🔍 GIF Upscaler
Enlarge any animated GIF to 2x, 3x, 4x, or a custom size — fully in your browser, with no file upload and no account needed.
About
This tool enlarges animated GIFs entirely on your device — your file never leaves the browser. Upload any animated GIF and choose a scale factor: 2x, 3x, or 4x presets, or enter any custom multiplier you need. Two interpolation algorithms are available. Nearest Neighbor produces pixel-perfect sharp edges with no blurring, making it the ideal choice for pixel art, retro sprites, and low-resolution icons where you want clean, hard edges. Smooth interpolation applies high-quality bicubic-style blending, which works well for photos, illustrations, and gradients where you want a natural, fluid enlargement rather than a blocky result. Additional output options include palette color count (256, 128, 64, or 32 colors), a Floyd–Steinberg dithering toggle to improve gradient rendering within the palette constraint, and a preserve-transparency option to keep transparent pixels intact. The tool processes every frame individually and maintains the original frame timing and loop count so the animation plays back at the same speed as the source GIF.
How to use
- Drop an animated GIF onto the upload area, or click to browse and select one from your device.
- Choose a scale factor — 2x, 3x, or 4x — or type a custom multiplier for precise control.
- Select an interpolation algorithm: Nearest Neighbor for pixel-perfect sharpness (pixel art, retro sprites), or Smooth for natural-looking enlargement (photos, gradients).
- Set palette color count (256 / 128 / 64 / 32), enable or disable Floyd–Steinberg dithering, and choose whether to preserve transparency.

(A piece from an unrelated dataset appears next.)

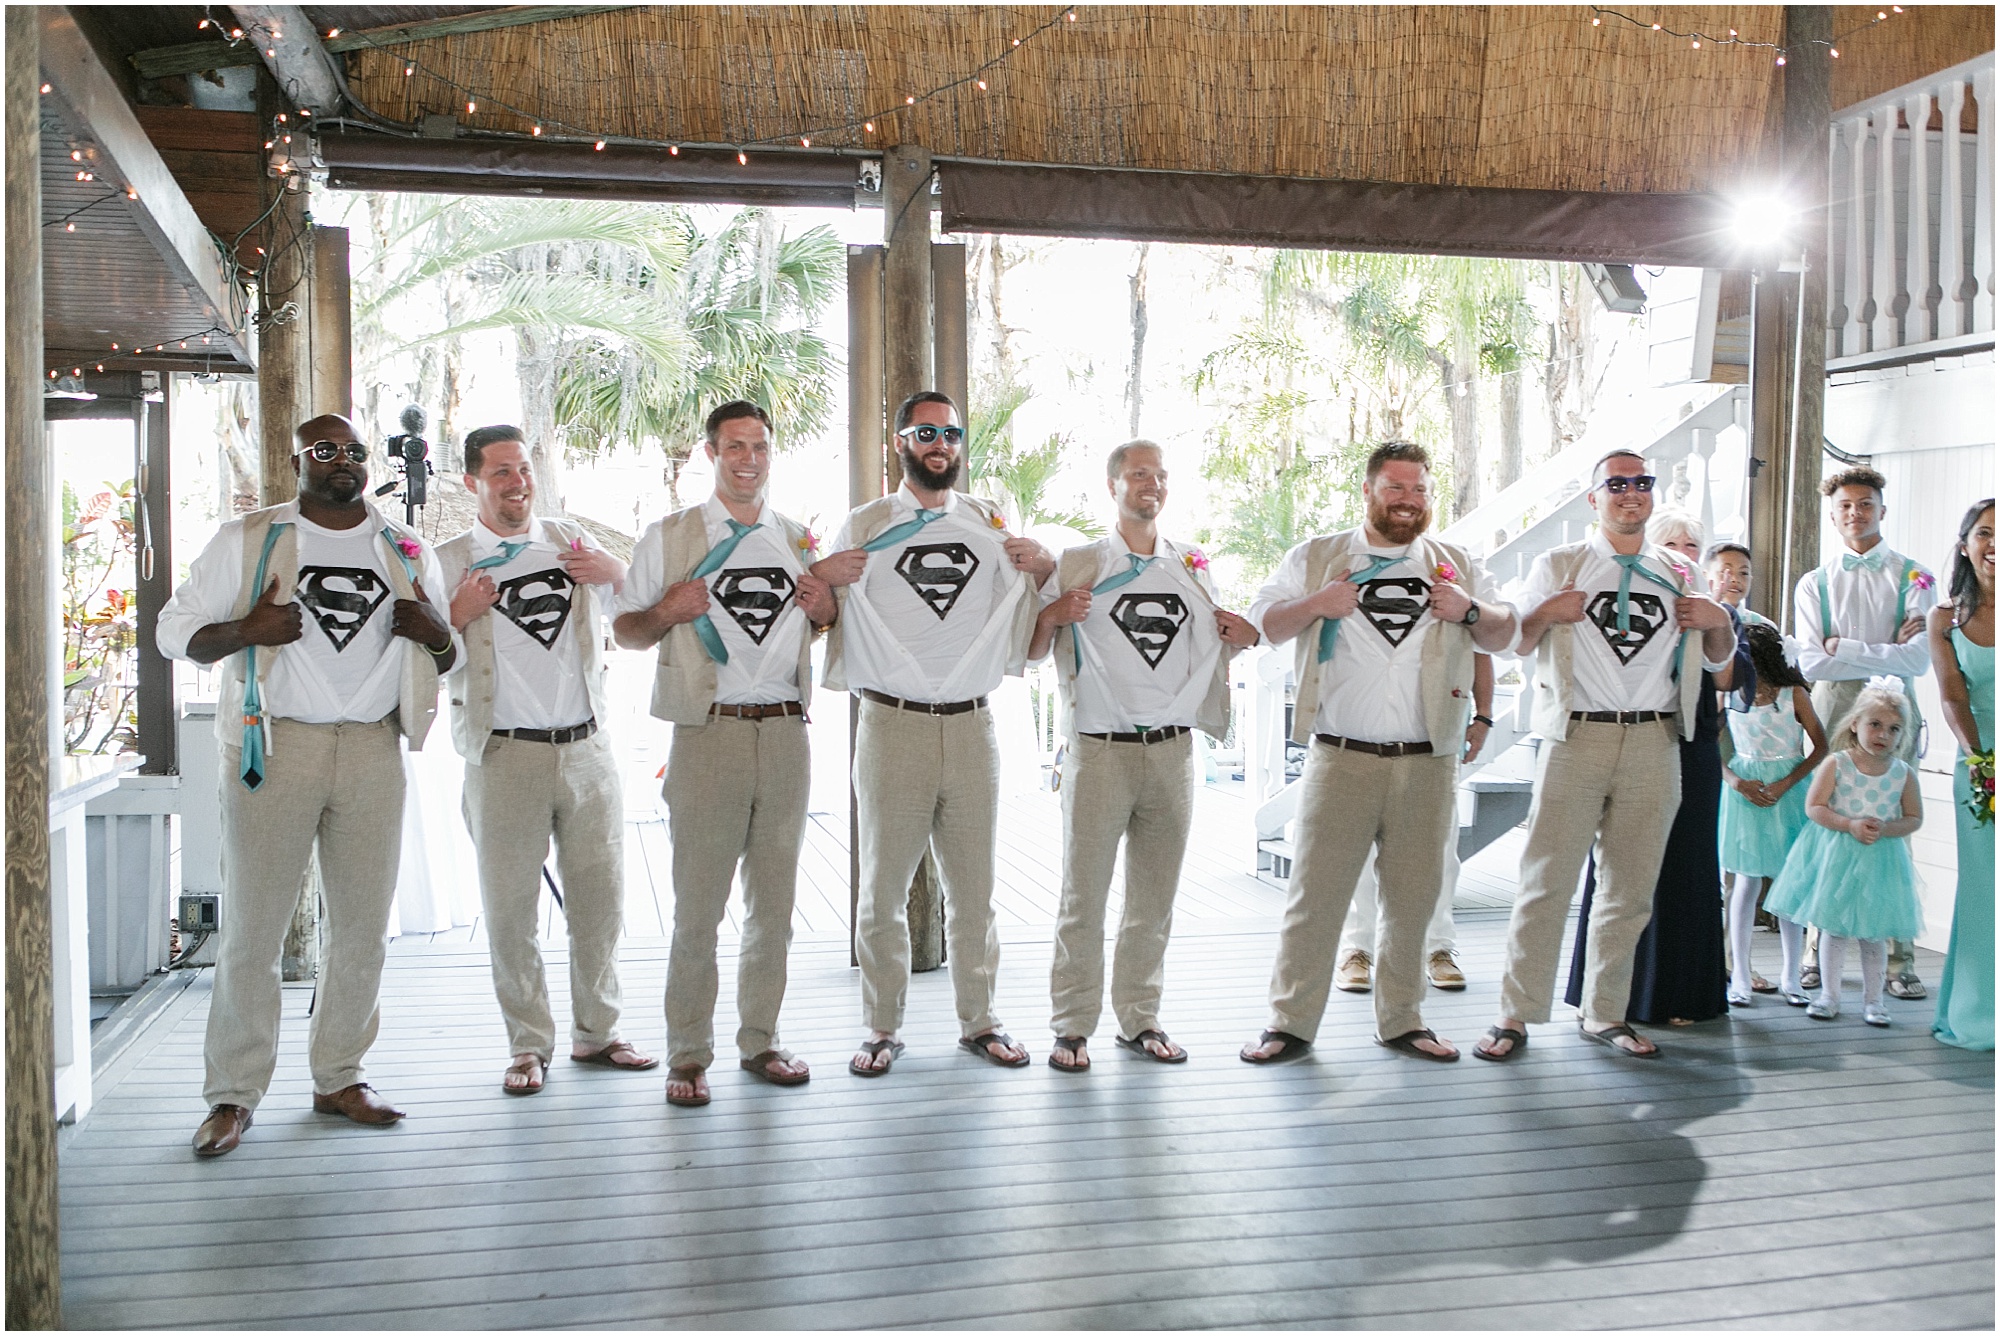 Groomsmen revealing Superman shirts under their wedding attire.
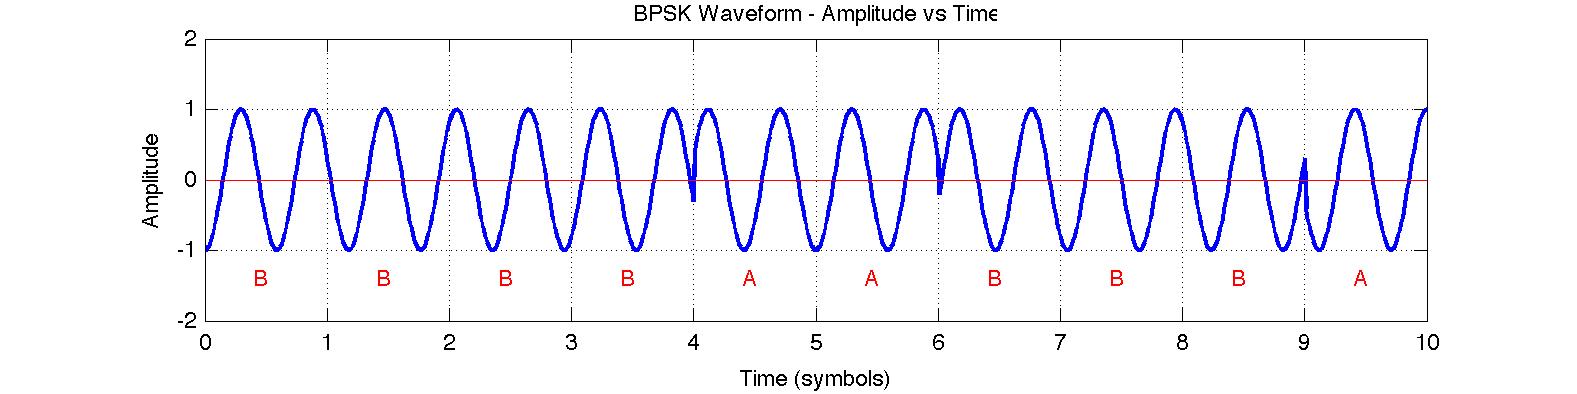 BPSK Waveform

- Click Upscale to process all frames. Preview the result and click Download to save the enlarged GIF.
FAQ
- Does my GIF get uploaded to a server?
- No. All frame decoding and scaling is done in your browser using the Canvas API. Your GIF file never leaves your device.
- Which algorithm should I use — Nearest Neighbor or Smooth?
- Use Nearest Neighbor for pixel art, retro sprites, and graphics with hard edges — it keeps every pixel sharp without blurring. Use Smooth for photos, illustrations, and gradients where you want a natural-looking result without visible pixel blocks.
- Will the animation speed change after upscaling?
- No. The tool preserves the original frame delay and loop count from the source GIF, so the animation plays back at the same speed.
- What does the palette color count setting do?
- GIF supports up to 256 colors per frame. Lowering the color count (128, 64, 32) reduces the output file size at the cost of some color accuracy. Use 256 for the best color quality and smaller values if file size matters more.
- Is there a maximum file size or frame count?
- There is no hard limit enforced by the tool, but very large GIFs with many frames may be slow to process or exceed your browser's available memory. For best performance, use reasonably sized source GIFs.